Though a parody, something similar has happened to Paris – immature and embarrassing tweets from her past – in this case her childhood – have caused her to lose office just days into her appointment.

Crucially, though, lessons need to be learnt from this whole affair to ensure that it doesn’t happen again. Kent Police’s procedures should have included the vetting of all the candidates’ social profiles to ensure that any candidate thrust into the limelight cannot be demonised at a later date as Paris has been.

Ann Barnes, the police and crime commissioner for Kent, stated: “We used Kent Police’s vetting procedures, which do not normally involve scrutiny of social networks for this grade of post.”

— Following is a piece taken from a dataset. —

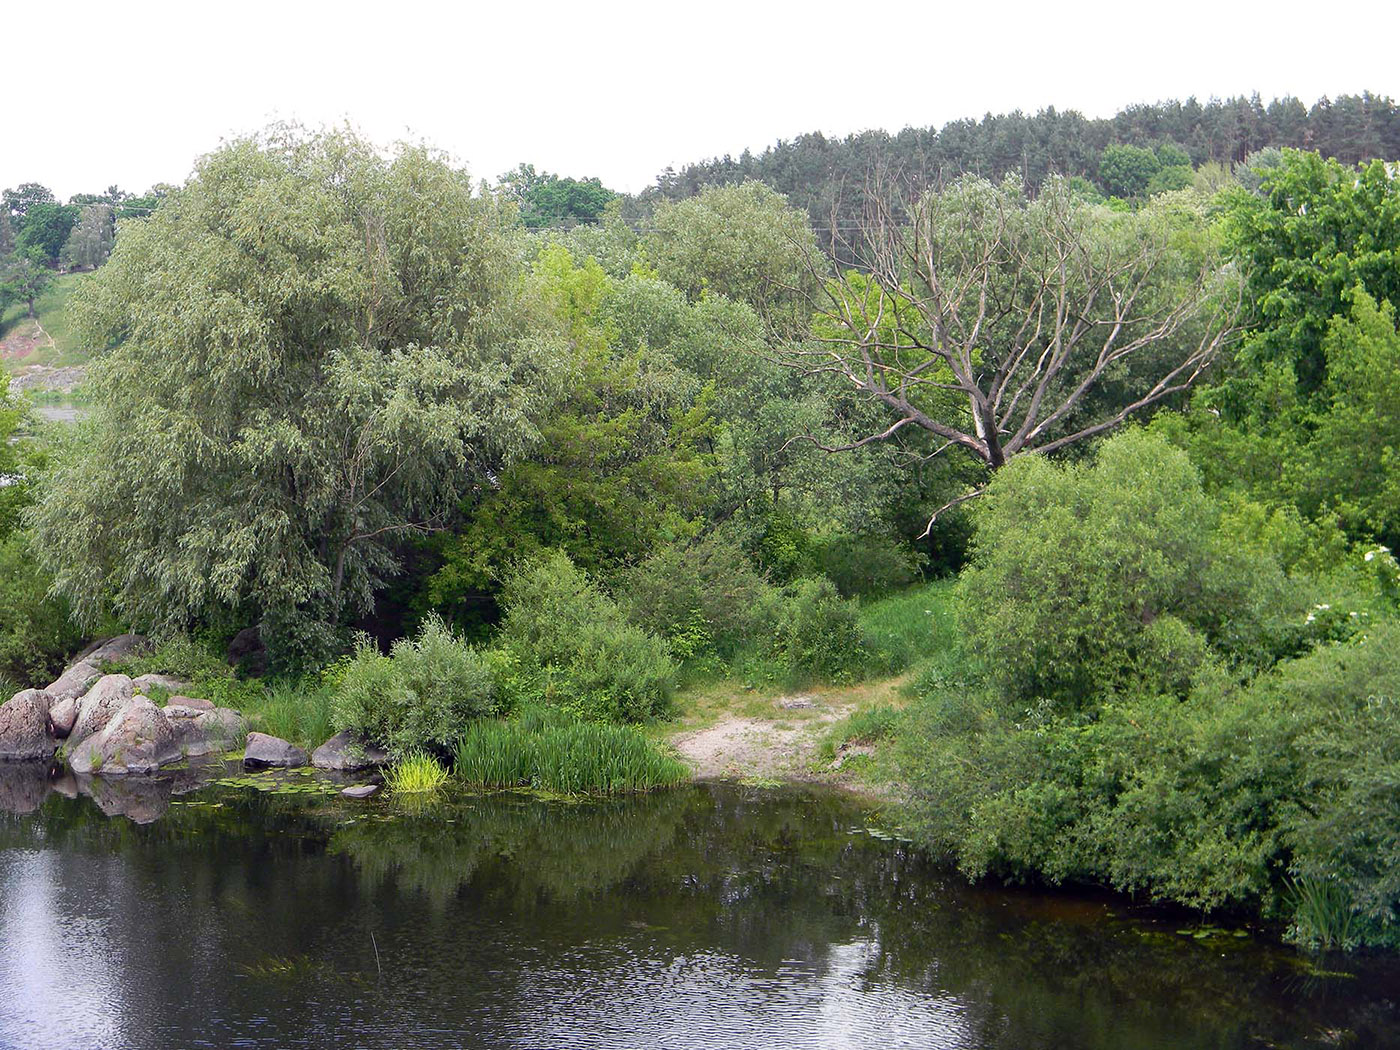 Новоград-Волынский, image of landscape/habitat.

This needs to change immediately, to avoid giving predatory media outlets easy ammunition with which to destroy the reputation of anyone who enters the public arena.

As it stands, Paris Brown has had her reputation dragged through the dirt because of things she wrote when she was between the ages of 14 and 16. She’s sacrificed the role of a lifetime due to the untenability of her position, and Kent Police has been left embarrassed because the whole affair was allowed to happen in the first place.

Paris herself said: “I hope this may stand as a learning experience for many other young people.”

In today’s society, in which online conduct is just as important as real-life conduct, teenagers all over the country would be wise to listen to her words, because as Britain’s first high-profile social media martyr, she knows all too well what it’s like to have your real-life reputation of today destroyed by your online personality of the past.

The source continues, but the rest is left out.